Published online by Cambridge University Press: 05 July 2014
INTRODUCTION
The “clash of civilization” is one of the most recent intellectual ghosts haunting the imagination of Western peoples. The expression has been coined by the political scientist Samuel Huntington (1993), who sees the impending danger of a world conflict in the clash of two opposing cultures, the Western and the Islamic. Evidence for this theory is found in the increasing consensus that accompanies the Islam-inspired political movements that have spread in the Arab-Islamic countries since the 1970s. These movements are named “Islamic fundamentalism,” a synonym for fanaticism, intolerance, and extremism (Mimouni 1996). Islamic fundamentalism is thus considered an atemporal phenomenon, devoid of historical, social or economic context, with a single illiberal, dangerous face: this deforming lens is today the common key of interpretation of the Arab-Islamic world.

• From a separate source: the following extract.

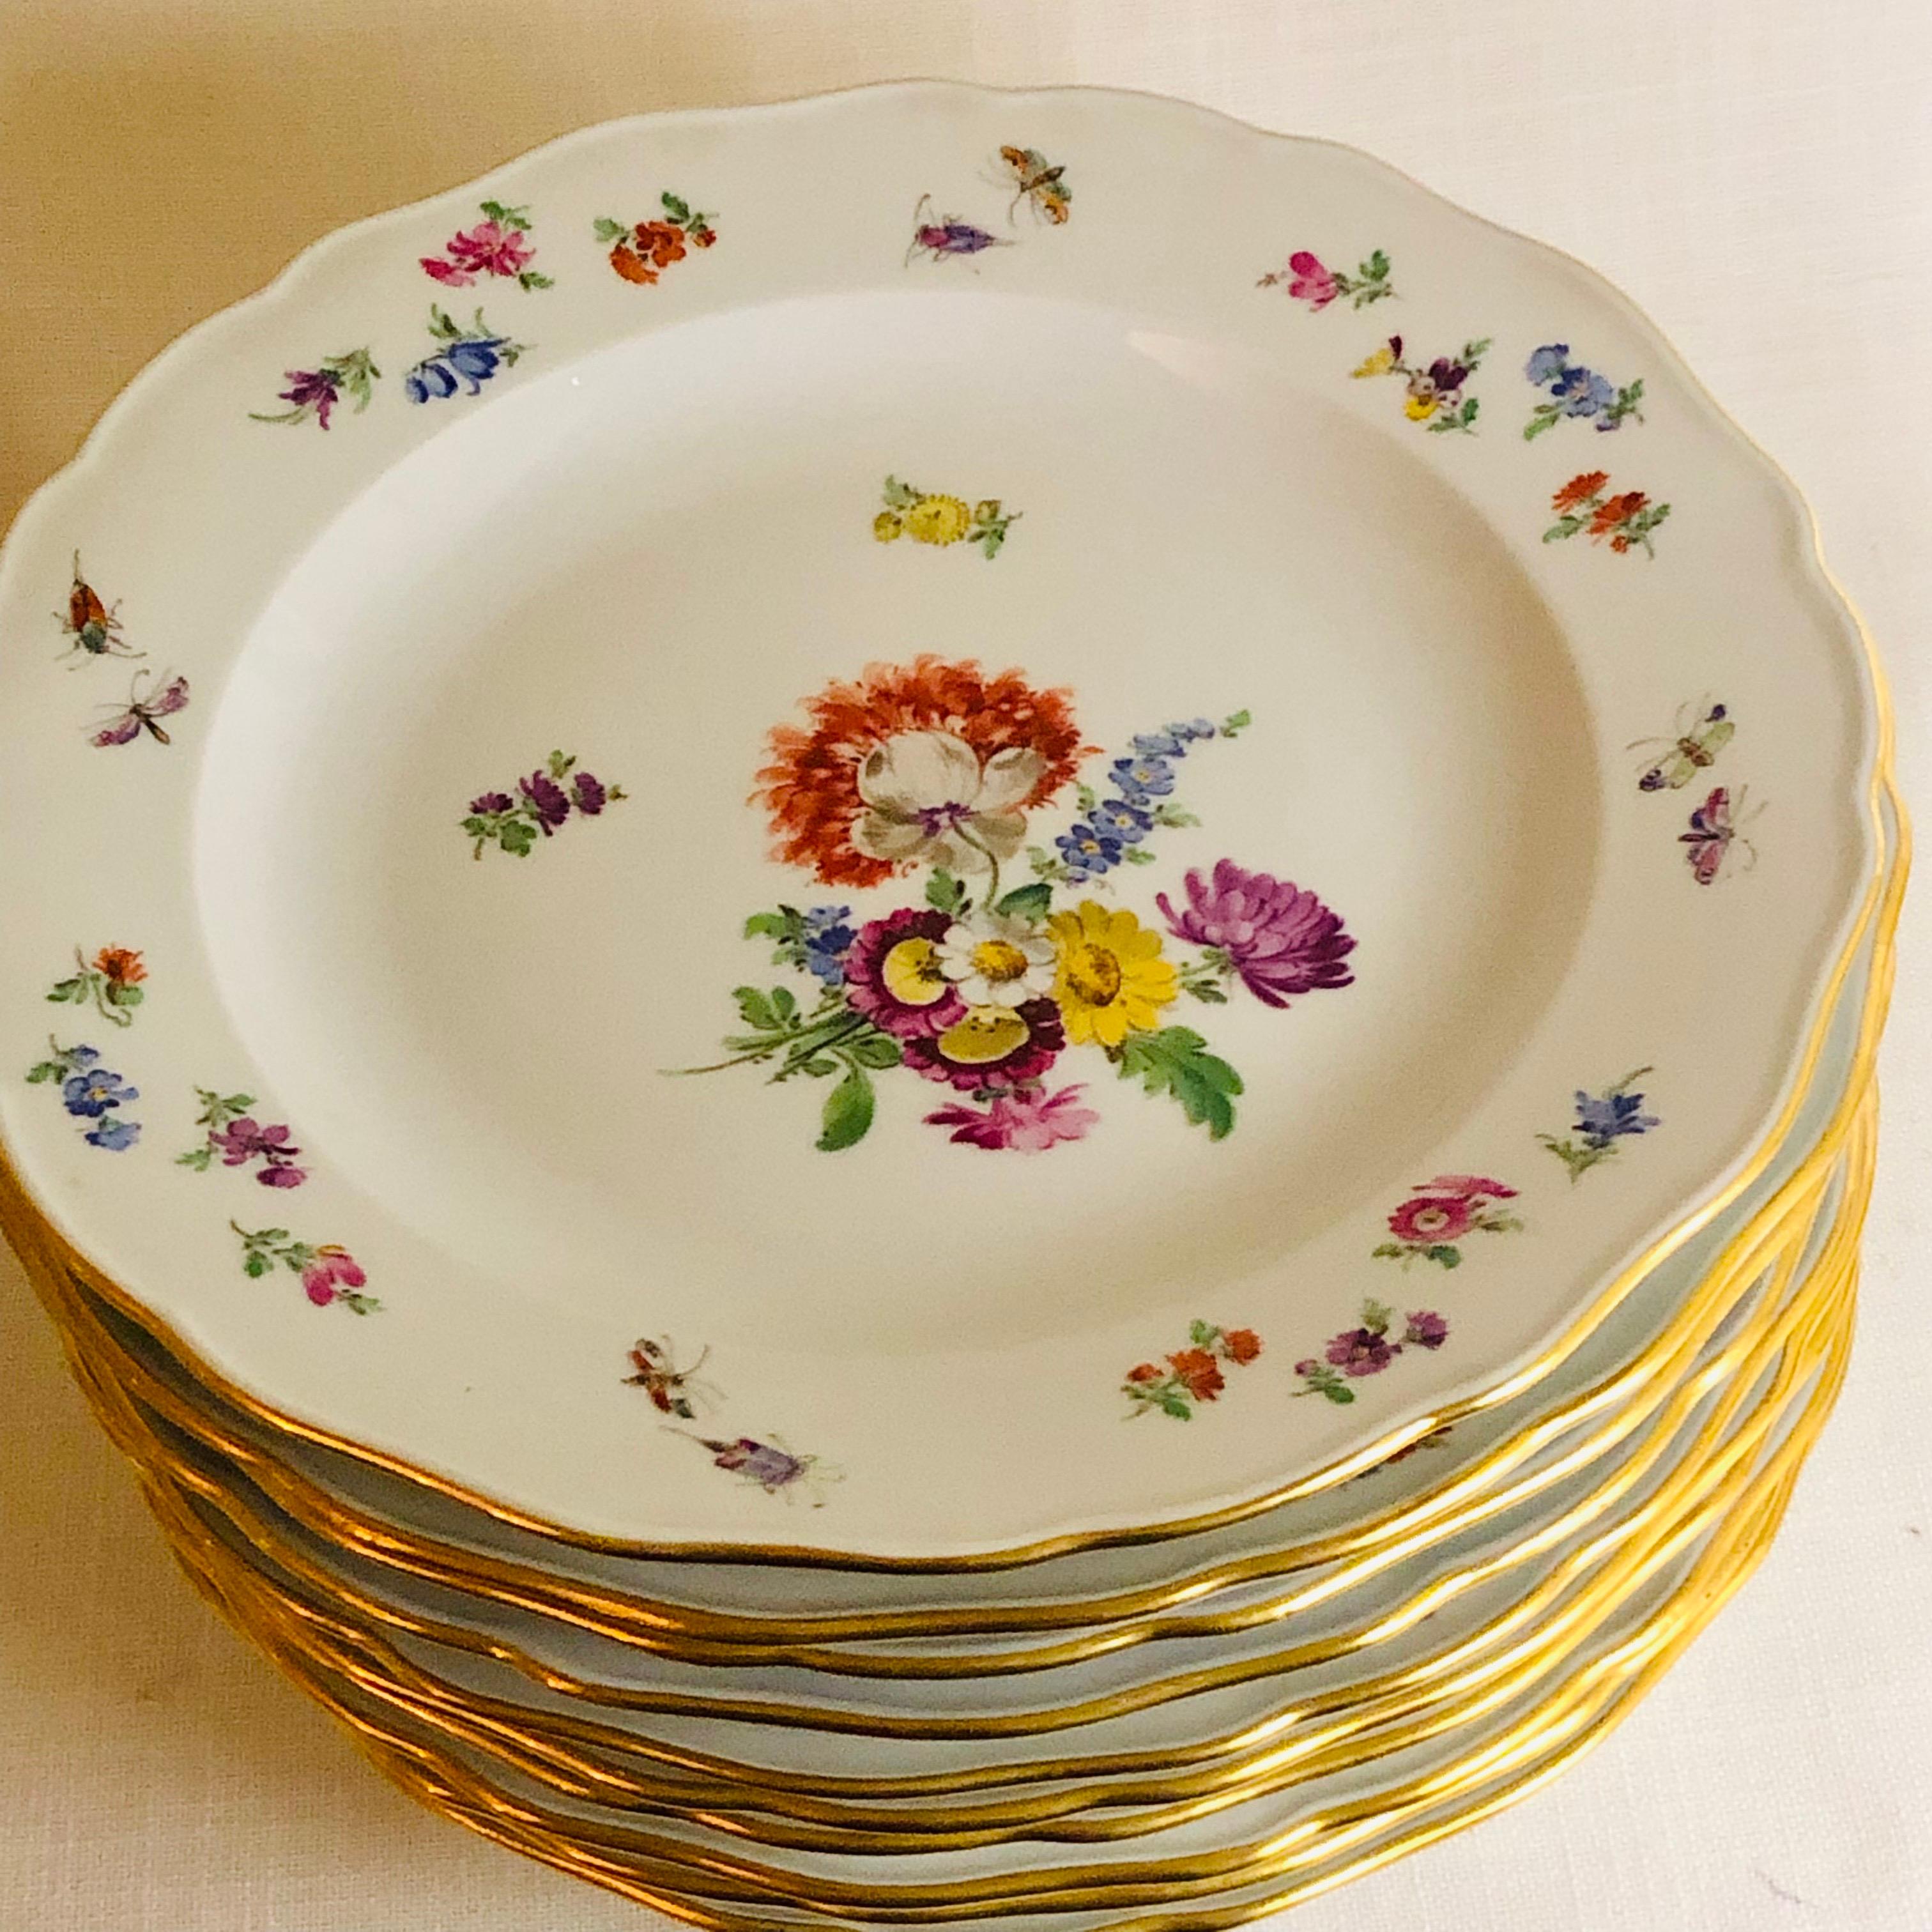 Set of 12 Meissen Dinner Plates Each Painted with a Different Bouquet of Flowers 4
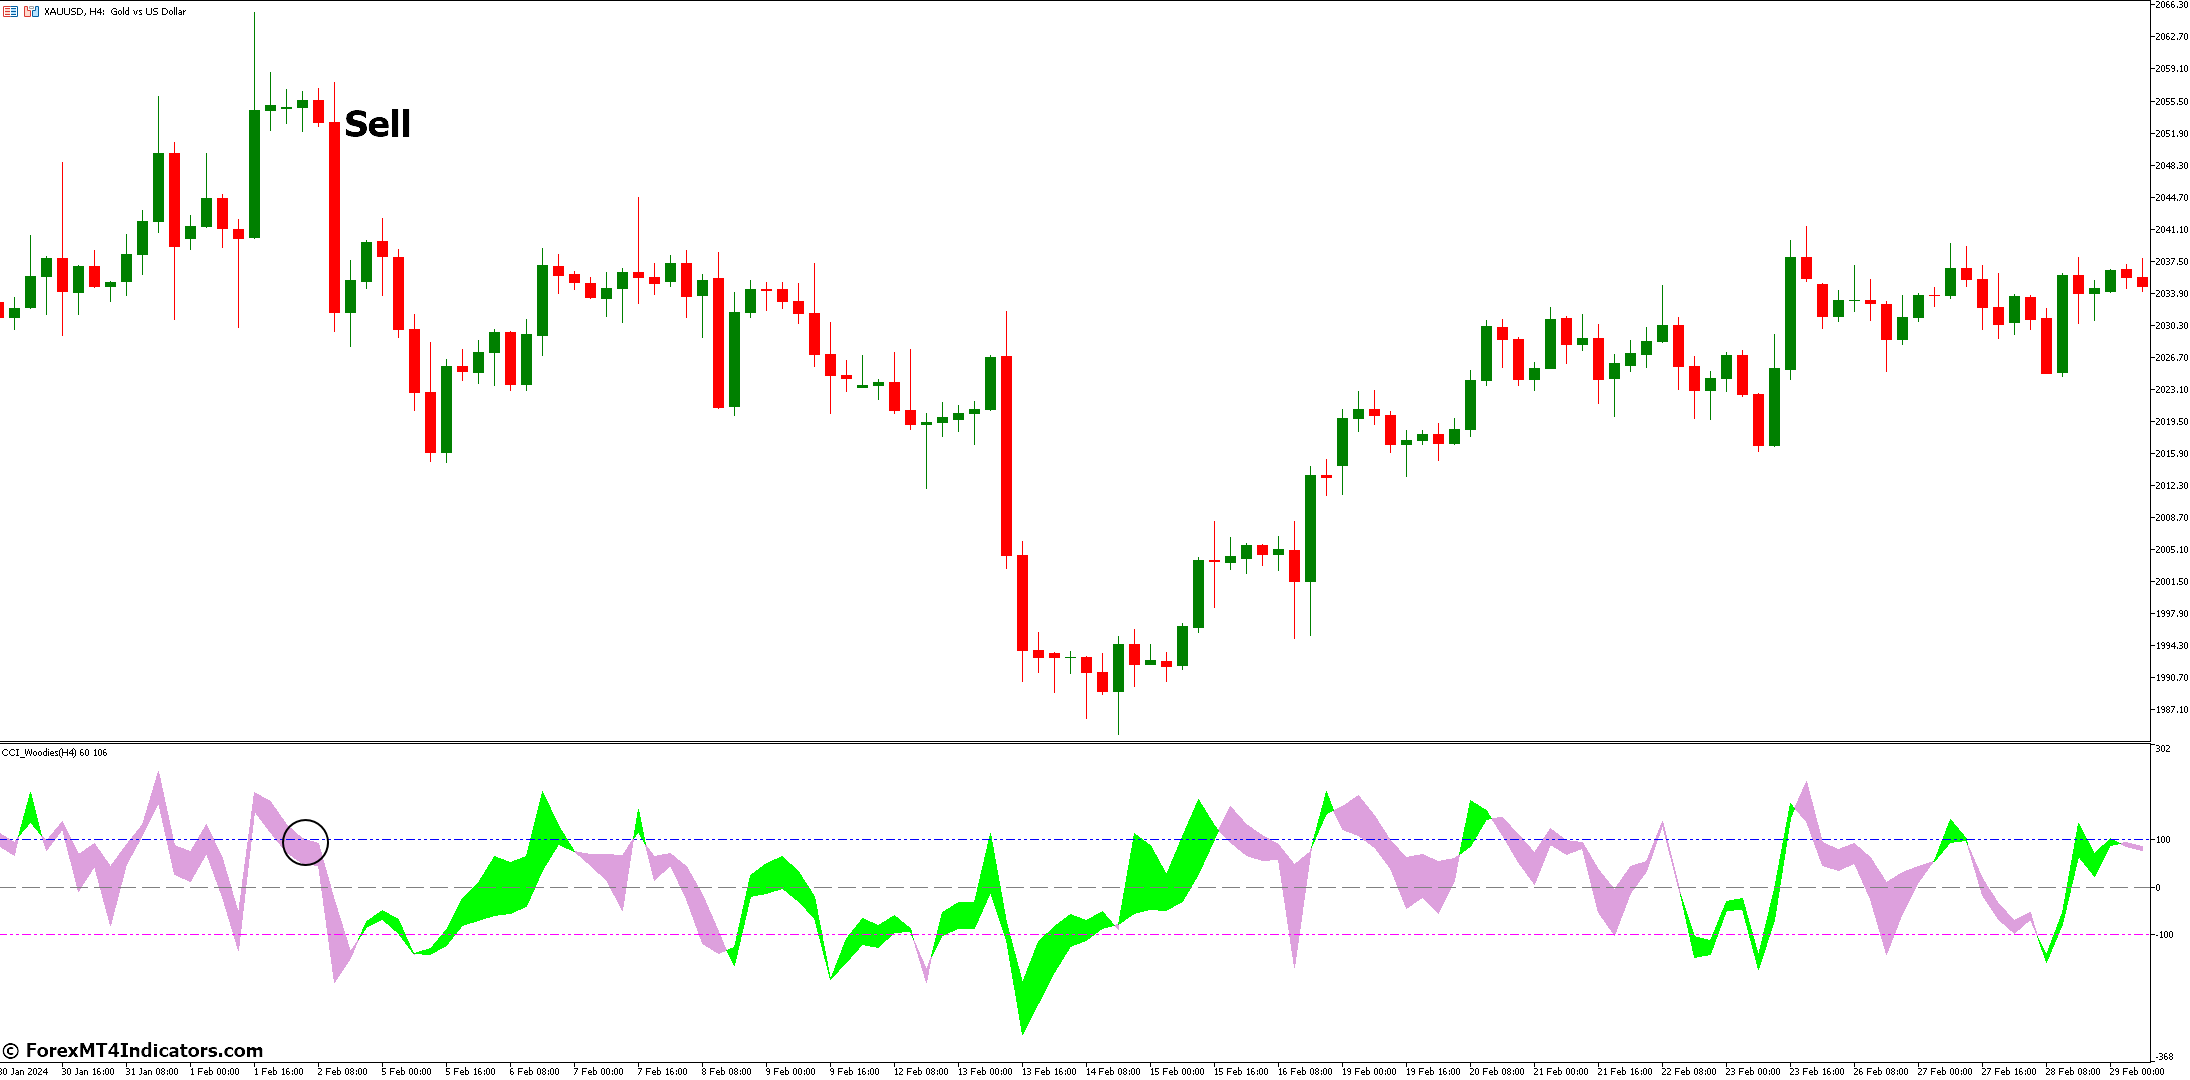 How to Trade with CCI Woodies HTF Forex Indicator - Sell Entry

The stereotype of Islamic fundamentalism prevents us from recognizing, instead, a definite historical phenomenon, born in Egypt in 1928 with the first modern Islamist movement, the Muslim Brotherhood, which was characterized by the rigorous respect for the Koran law and by anti-colonialism. The movement's founder, Hasan al-Banna, said in 1939:
We, the Muslim Brothers, believe that the laws of Islam and its universal teachings integrate everything that concerns the human being in this world and in the future one; on the contrary, those who believe that these teachings concern only the religious and spiritual sphere, are mistaken. Islam is faith and worship, country and citizenship, religion and State, spirituality and action, Book and sword.